In your situation, those extra savings could be used to pay for your rent (if you're renting), which helps in a way, but not in the way you'd like.
We can't offer any financial advice I'm sorry. If I knew what I was doing, I would have bought Gamestop stocks back in 2020 and then sold them when Jim Cramer started showing some interest.
Some of your thoughts on today's rate rise
By Kate Ainsworth
Judging from our comments alone, a lot of people are hurting right now, and this rate increase announced this afternoon is only going to add to the pain.
Is raising the interest rate the only tool they have????
I feel sick.
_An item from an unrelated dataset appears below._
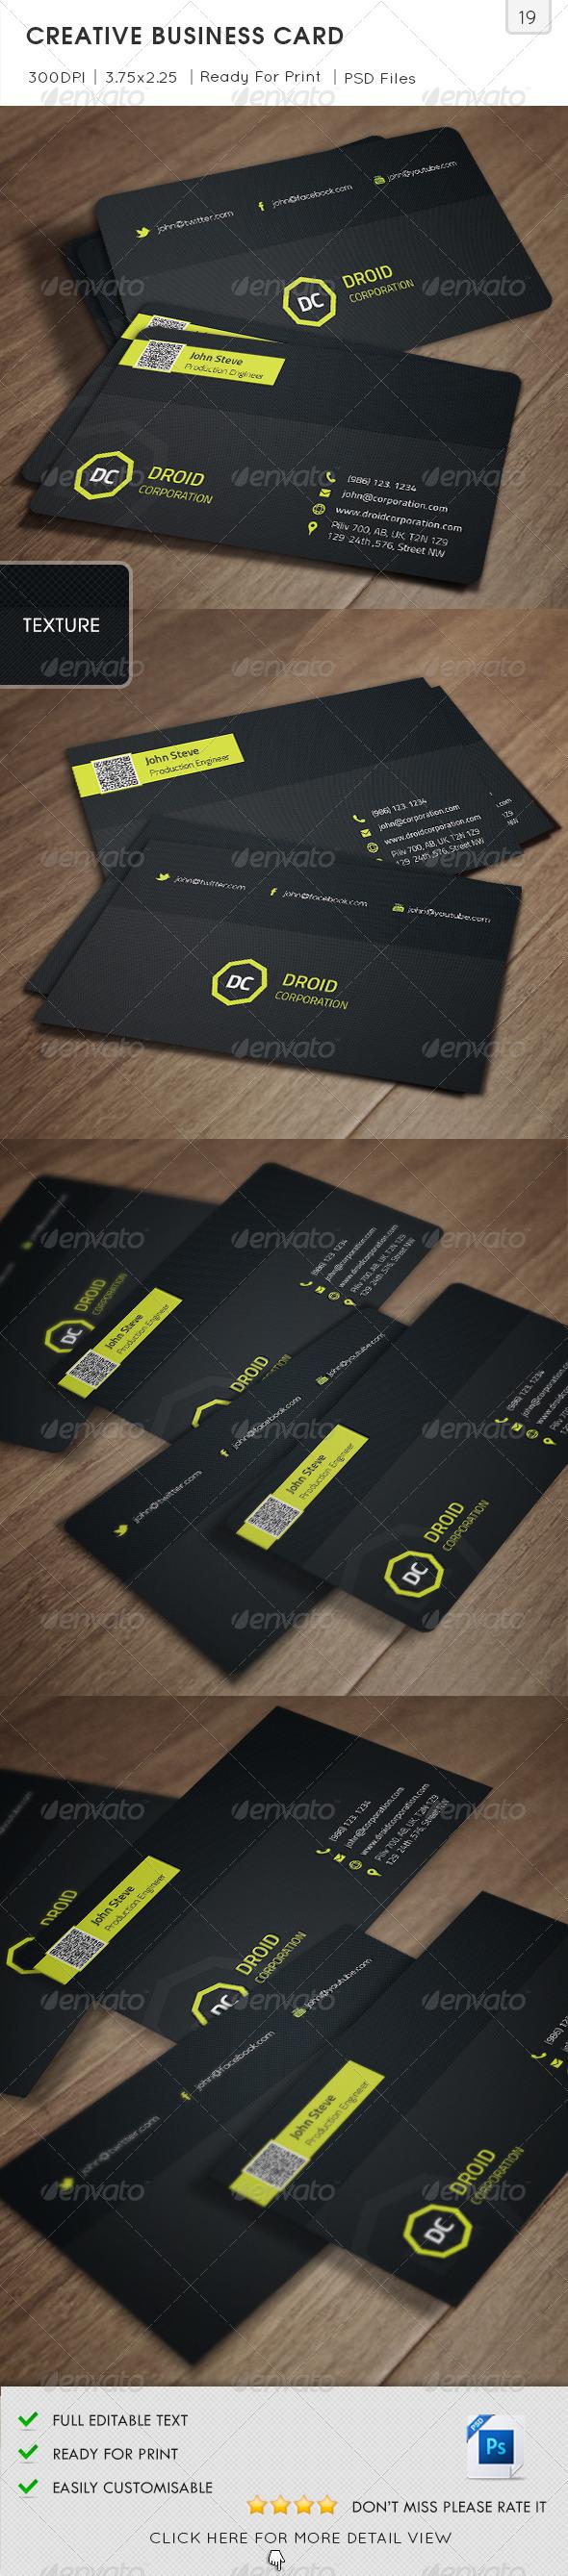 GraphicRiver Creative Business Card v19 5954181

I can't afford this.
- Andy
Lots of people haven't come off their fixed mortgage rates yet. They're going to hurt when all of these cumulative rises hit at once....
- Robyn
So what I can glean from yet another rate rise, is that the market are better economists than the reserve bank. Their forecasts are certainly more accurate and reliable
-Helena
Economists predict this, economists predict that. But one thing is a constant - everything keeps going up.
- Andrew
What is going to take to stop these increases? Surely people can't take too much more.
- Home
Why is the RBA hellbent on destroying Australian's lives. Enough is enough already. If we go into recession heads should roll.
- Net
Interest rate rises don't seem to be working.
Also, none of this seems like rocket science. How do they keep getting it so wrong.- Nathan
Oh...not my day at all...the rates are catching up with my overpaying
- Natty
How are one third of the population, ie mortgage holders, expected to continually deal with these rises? Is there no other way to slow inflation? It seems to me this is not working, and yet we continue to be punished for owning a home!